Research and development on hybrid excitation flux switching machines (HE-FSM) for various applications have been carried out in the last years. The designed HE-FSM consist of permanent magnet (PM) and DC field excitation coil (DC-FEC) as their main flux sources located on the stator, while a single piece rotor gives the advantages of robust rotor structure. Since most of the designed HE-FSMs utilize three-phase windings, more complicated design and control system are required to run the motor. Thus, a new design of single-phase ECore HE-FSM with several advantages of much simpler converter size and smaller battery package due to small voltage capacity when compared with conventional three-phase system is proposed. Consequently, the size of overall configuration systems will also be reduced resulting in reducing total weight and cost.

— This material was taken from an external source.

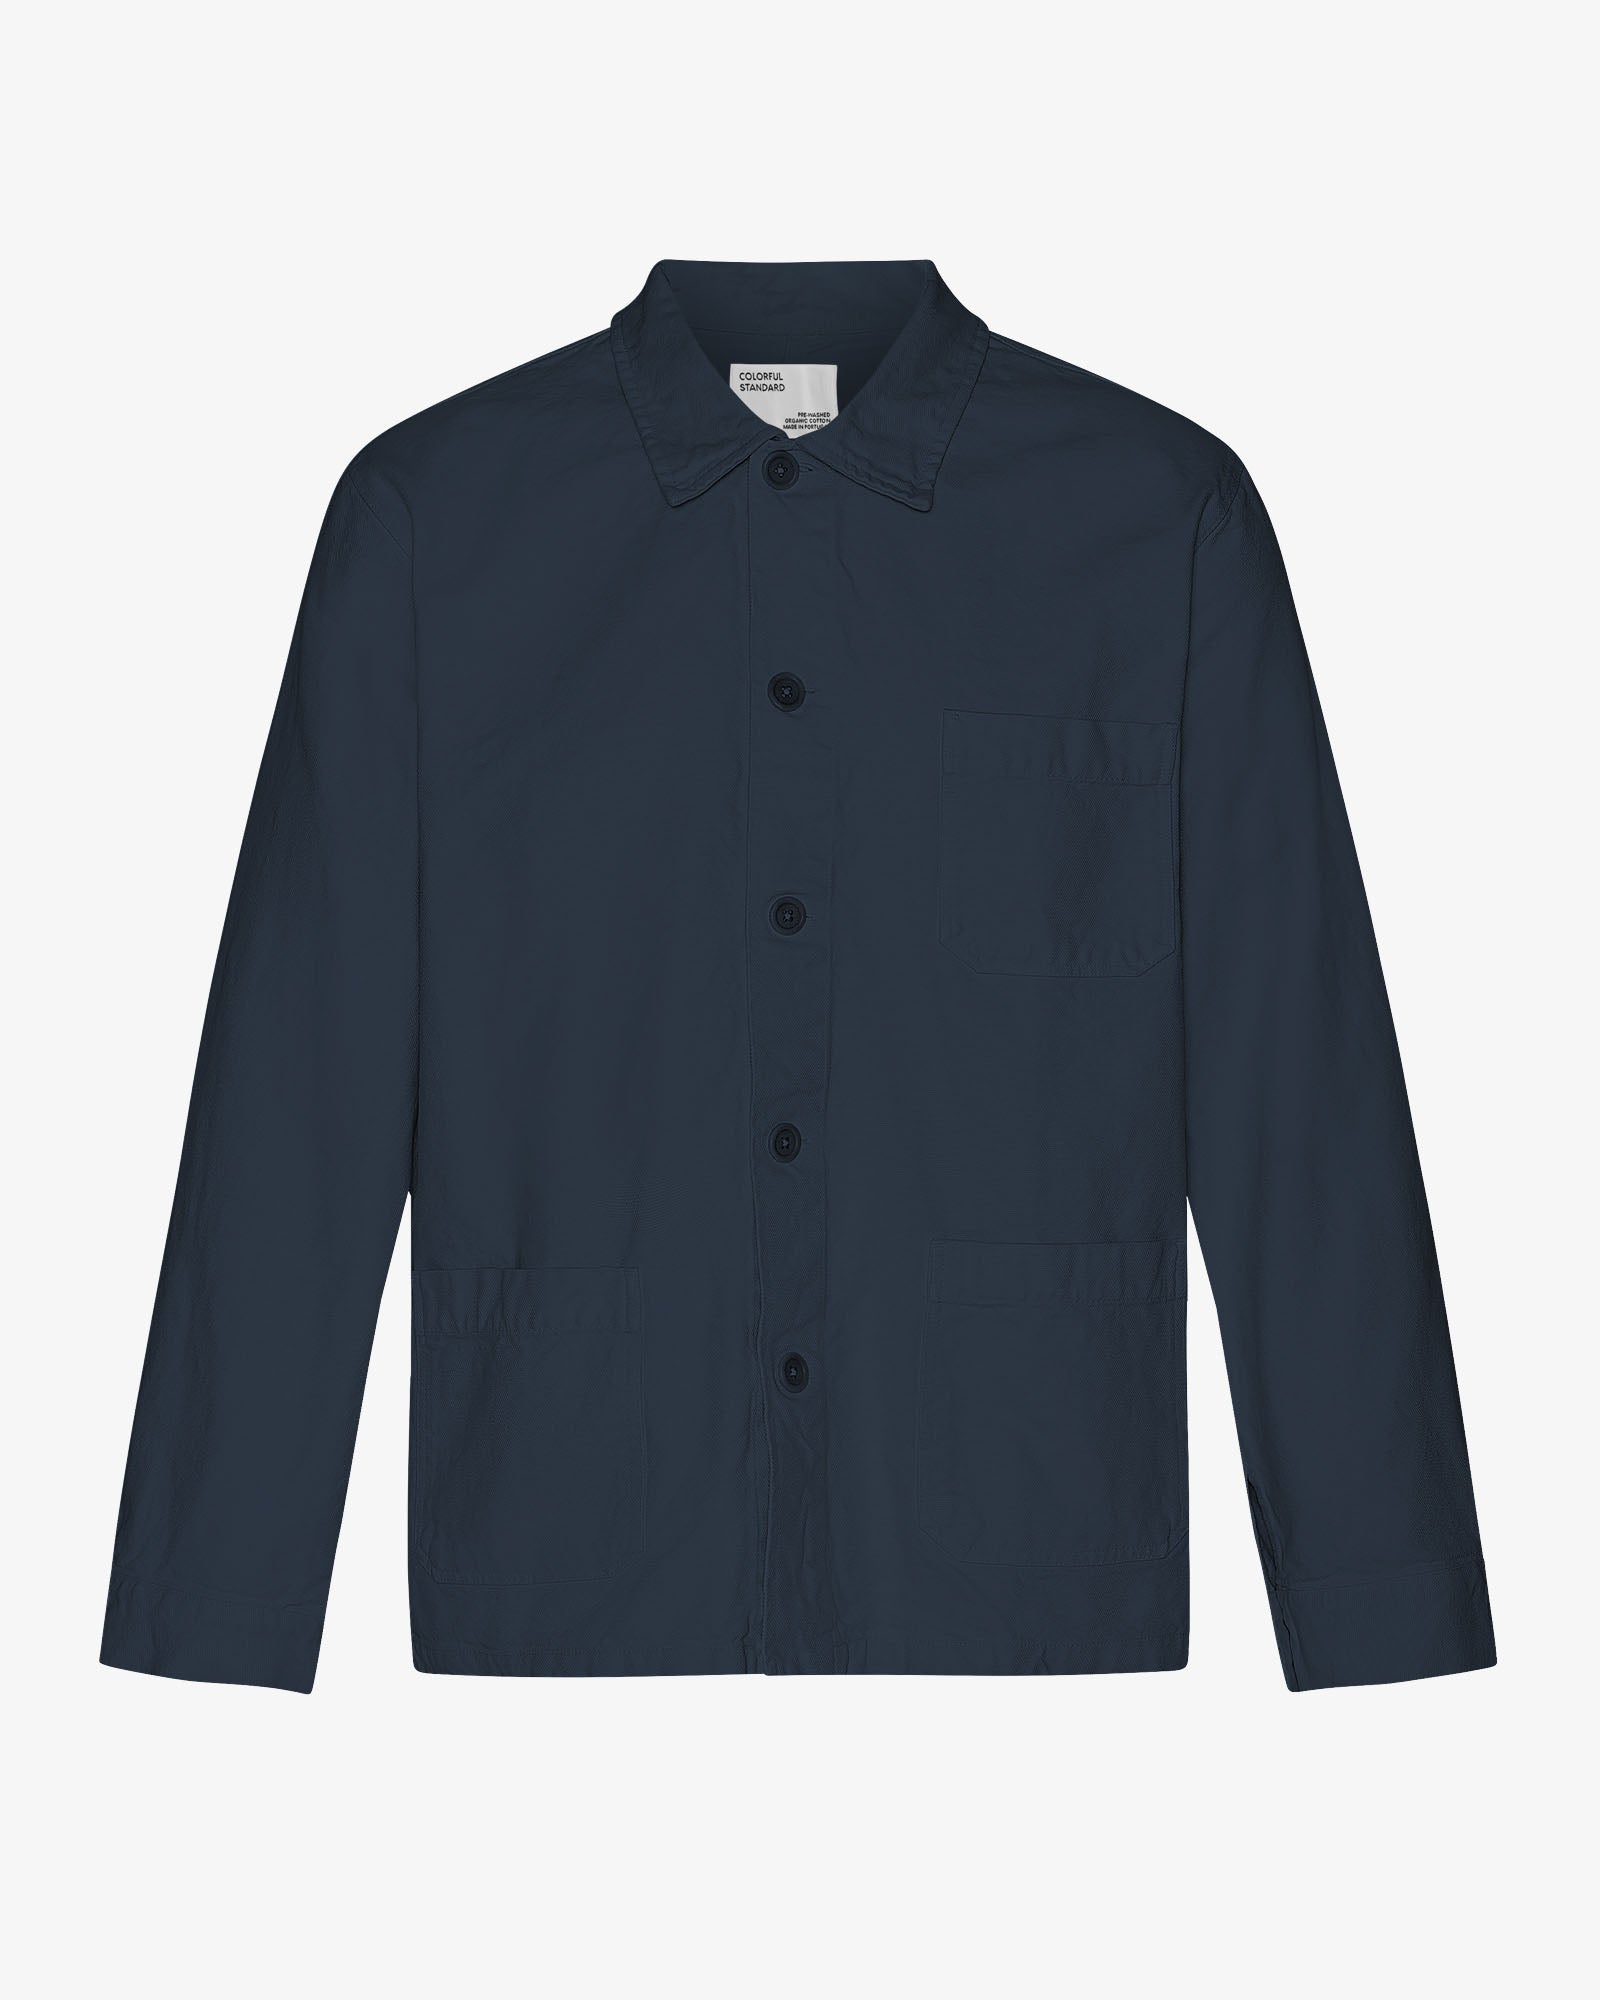 Organic Workwear Jacket - Navy Blue

In this paper, initial performances of 4S-4P, 4S-6P, 4S-8P and 4S-10P E-Core HE-FSM topologies are analyzed. Since 4S-10P design gives highest torque and power performances, deterministic design optimization approach is conducted to enhance much higher and optimum performances. As conclusion, the optimized E-core HE-FSM with 4S-10P topology has low back-emf, acceptable cogging torque with maximum torque and power of 208.857Nm and 47.31 kW, respectively.